▸ Exercise aim: The answer must be every line of the records below that contains the word "Women", copied out.

[Records contained in a dataset]

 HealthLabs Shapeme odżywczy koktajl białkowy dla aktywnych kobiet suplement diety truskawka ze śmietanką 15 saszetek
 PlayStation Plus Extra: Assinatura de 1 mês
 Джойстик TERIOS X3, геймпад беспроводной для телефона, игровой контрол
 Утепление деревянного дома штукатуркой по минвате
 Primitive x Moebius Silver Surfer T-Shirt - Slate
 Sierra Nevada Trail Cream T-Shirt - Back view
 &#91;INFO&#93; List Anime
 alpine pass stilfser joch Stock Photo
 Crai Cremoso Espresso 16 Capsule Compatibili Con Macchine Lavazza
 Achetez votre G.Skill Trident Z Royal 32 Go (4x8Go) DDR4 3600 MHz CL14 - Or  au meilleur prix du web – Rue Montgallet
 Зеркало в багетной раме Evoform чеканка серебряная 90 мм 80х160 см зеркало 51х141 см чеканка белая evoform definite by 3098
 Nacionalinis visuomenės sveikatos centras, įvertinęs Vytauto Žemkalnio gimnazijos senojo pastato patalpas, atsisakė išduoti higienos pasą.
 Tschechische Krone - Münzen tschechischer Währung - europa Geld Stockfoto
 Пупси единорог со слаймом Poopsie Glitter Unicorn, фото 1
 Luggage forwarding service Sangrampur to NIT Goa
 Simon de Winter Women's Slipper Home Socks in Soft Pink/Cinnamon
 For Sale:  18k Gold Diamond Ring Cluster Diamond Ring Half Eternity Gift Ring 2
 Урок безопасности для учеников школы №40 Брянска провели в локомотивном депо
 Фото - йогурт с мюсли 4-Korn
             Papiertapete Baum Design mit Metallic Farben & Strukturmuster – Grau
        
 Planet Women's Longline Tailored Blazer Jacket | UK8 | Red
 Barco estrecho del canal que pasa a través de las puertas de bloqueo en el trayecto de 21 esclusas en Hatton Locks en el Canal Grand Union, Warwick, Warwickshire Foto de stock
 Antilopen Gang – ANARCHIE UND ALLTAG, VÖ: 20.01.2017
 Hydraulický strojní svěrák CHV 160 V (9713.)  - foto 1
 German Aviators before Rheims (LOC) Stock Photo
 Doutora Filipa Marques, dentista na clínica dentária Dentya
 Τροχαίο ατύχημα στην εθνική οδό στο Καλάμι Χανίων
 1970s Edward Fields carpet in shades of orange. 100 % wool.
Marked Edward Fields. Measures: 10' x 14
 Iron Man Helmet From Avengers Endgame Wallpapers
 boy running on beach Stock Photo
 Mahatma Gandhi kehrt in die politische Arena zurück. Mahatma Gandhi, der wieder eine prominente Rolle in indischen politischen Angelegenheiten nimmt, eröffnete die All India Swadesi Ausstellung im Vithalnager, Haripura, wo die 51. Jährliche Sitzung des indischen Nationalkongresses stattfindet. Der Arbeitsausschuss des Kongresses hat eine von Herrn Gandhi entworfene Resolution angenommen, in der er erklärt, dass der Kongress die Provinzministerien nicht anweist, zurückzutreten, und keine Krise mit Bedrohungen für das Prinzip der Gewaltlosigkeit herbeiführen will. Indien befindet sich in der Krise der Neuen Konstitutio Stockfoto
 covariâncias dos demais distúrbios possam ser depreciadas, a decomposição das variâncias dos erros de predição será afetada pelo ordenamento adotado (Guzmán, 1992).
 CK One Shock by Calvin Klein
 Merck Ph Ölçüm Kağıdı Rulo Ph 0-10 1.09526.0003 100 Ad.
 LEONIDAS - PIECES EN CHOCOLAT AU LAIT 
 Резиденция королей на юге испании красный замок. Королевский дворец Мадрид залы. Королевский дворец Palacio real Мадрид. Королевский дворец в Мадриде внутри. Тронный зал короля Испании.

▸ Response to the exercise:
 Simon de Winter Women's Slipper Home Socks in Soft Pink/Cinnamon
 Planet Women's Longline Tailored Blazer Jacket | UK8 | Red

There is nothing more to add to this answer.